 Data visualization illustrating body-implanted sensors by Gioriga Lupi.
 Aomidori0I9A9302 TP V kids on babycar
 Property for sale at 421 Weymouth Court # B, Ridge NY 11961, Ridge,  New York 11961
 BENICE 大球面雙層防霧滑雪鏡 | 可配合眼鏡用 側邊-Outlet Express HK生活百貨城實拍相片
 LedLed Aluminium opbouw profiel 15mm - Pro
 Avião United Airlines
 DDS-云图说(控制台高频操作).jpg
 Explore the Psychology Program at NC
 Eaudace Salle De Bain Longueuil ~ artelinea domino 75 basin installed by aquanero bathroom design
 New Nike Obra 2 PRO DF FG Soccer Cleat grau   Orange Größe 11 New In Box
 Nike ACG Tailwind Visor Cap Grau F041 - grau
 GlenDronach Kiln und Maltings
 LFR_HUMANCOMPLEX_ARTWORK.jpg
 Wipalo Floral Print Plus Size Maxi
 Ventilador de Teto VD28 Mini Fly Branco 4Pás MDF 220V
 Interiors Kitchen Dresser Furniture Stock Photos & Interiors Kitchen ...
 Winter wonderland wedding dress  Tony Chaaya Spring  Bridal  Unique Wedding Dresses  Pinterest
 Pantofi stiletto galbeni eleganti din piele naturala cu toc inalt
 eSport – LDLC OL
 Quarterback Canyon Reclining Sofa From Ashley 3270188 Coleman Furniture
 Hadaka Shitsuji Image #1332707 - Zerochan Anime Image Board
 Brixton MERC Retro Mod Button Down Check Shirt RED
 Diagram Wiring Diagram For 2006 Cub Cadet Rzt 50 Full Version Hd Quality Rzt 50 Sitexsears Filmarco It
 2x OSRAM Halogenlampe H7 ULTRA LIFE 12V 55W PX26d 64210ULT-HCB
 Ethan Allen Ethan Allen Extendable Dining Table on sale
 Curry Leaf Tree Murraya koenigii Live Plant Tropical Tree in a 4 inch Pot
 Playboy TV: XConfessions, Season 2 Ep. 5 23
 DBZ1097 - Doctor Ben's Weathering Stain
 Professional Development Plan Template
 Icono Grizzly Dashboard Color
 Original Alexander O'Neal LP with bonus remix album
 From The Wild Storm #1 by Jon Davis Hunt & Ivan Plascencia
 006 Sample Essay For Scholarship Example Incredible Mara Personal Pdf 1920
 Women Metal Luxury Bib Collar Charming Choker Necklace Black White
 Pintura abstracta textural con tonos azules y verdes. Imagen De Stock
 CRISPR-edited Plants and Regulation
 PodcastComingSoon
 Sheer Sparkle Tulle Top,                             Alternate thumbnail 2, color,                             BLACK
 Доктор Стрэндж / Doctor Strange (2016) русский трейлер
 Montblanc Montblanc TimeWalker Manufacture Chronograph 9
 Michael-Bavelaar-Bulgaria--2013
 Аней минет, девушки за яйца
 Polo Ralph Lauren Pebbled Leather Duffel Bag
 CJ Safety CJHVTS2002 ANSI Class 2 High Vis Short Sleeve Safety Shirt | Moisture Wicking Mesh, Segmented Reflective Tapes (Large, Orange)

━━━━

**Directions for this task**: Repeat word for word the lines above that run from the line containing "Curry Leaf Tree" through the line containing "Original Alexander O'Neal", both ends included, and nothing else.

**Exercise solution**:
 Curry Leaf Tree Murraya koenigii Live Plant Tropical Tree in a 4 inch Pot
 Playboy TV: XConfessions, Season 2 Ep. 5 23
 DBZ1097 - Doctor Ben's Weathering Stain
 Professional Development Plan Template
 Icono Grizzly Dashboard Color
 Original Alexander O'Neal LP with bonus remix album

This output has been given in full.